Compared to soybeans and green beans, soybean sprouts and green bean sprouts are more suitable for people with poor digestion.Pea sprouts are highly recommended, with a carotene content of up to 2700 micrograms per 100 grams, while common vegetables have less than 100 micrograms per 100 grams, a 27-fold difference.
2. Peanuts
Stir-fried peanut sprouts with cured meat is a dish that will make your mouth water. Try it once, and you'll love it.
If intentionally cultivated, sprouted peanuts have significantly increased vitamin C content.They also contain more resveratrol and flavonoids, which have antioxidant properties.
Usually, sprouted peanuts at home are due to damaged peanut skins.Peanuts are prone to mold, forming toxic aflatoxins, which are strong carcinogens.
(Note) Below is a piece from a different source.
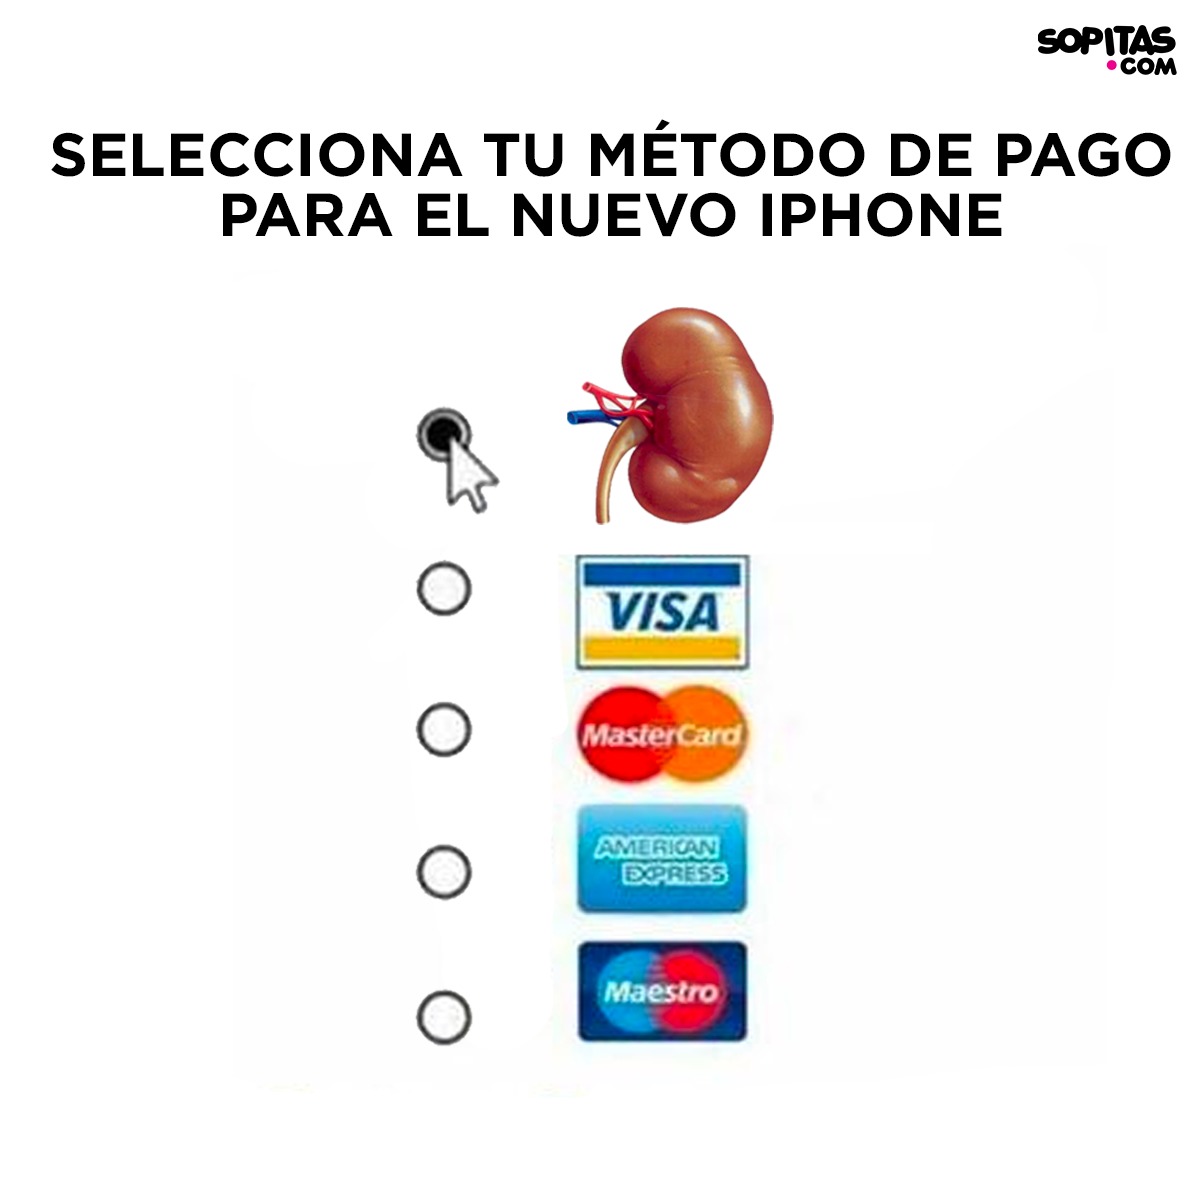 Precios y fechas de venta de los nuevos iPhone XS, XS Max y XR en México

It is best not to eat them.
Dog, speaking of stir-frying with cured meat, recently I found another delicious ingredient—lettuce. I accidentally bought hollow lettuce at the market. Can it still be eaten? The cured meat is ready, but the lettuce is not.
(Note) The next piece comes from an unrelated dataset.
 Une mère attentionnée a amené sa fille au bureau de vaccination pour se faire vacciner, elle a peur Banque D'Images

Hollow lettuce is caused by external conditions (e.g., late harvesting, lack of fertilization), which do not significantly affect its nutritional content. The taste may be slightly inferior, but it is still edible.
3. Garlic
Sprouted garlic has higher antioxidant content than fresh garlic, and its dietary fiber, vitamin C, vitamin A, and carotene content are also higher.
However, remember that discolored or moldy garlic should not be eaten.So, the husband at the beginning was right to listen to his mother.
Summary
1. Foods that are best not eaten when sprouted?
① Potatoes—sprouted and green, producing solanine 50 times more than in normal potatoes.
② Ingesting 200 milligrams of solanine (about 30 grams of sprouted and green potatoes) can cause poisoning within 15 minutes to 3 hours.
③ For small amounts of sprouting, the method is: deeply dig out the sprouts, peel off the skin and green parts, soak in cold water for over half an hour, then cook thoroughly with vinegar.
2. Which sprouted foods have reduced nutritional value? How to prevent and handle food sprouting?
① Ginger—sand covering preservation method
② Taro—hanging storage
③ Sweet Potatoes (Red/Purple)—stored in a dry cardboard box
④ Onions—hanging storage method
3. Foods whose nutritional value doubles when sprouted
① Soybeans, Green Beans, Peas
② Peanuts
③ Garlic
References
[1] Ma Guansheng, Are Sprouted Potatoes Really Toxic? [J]. Life and Health, 2018(3):39.
[2] Xu Shijie, Luo Qing, Lei Qingzhi, et al. Study on the Changes of Nutrients and Functional Components During Peanut Sprouting [J]. Hubei Agricultural Sciences, 2018 (2018 No. 01): 89-92, 96.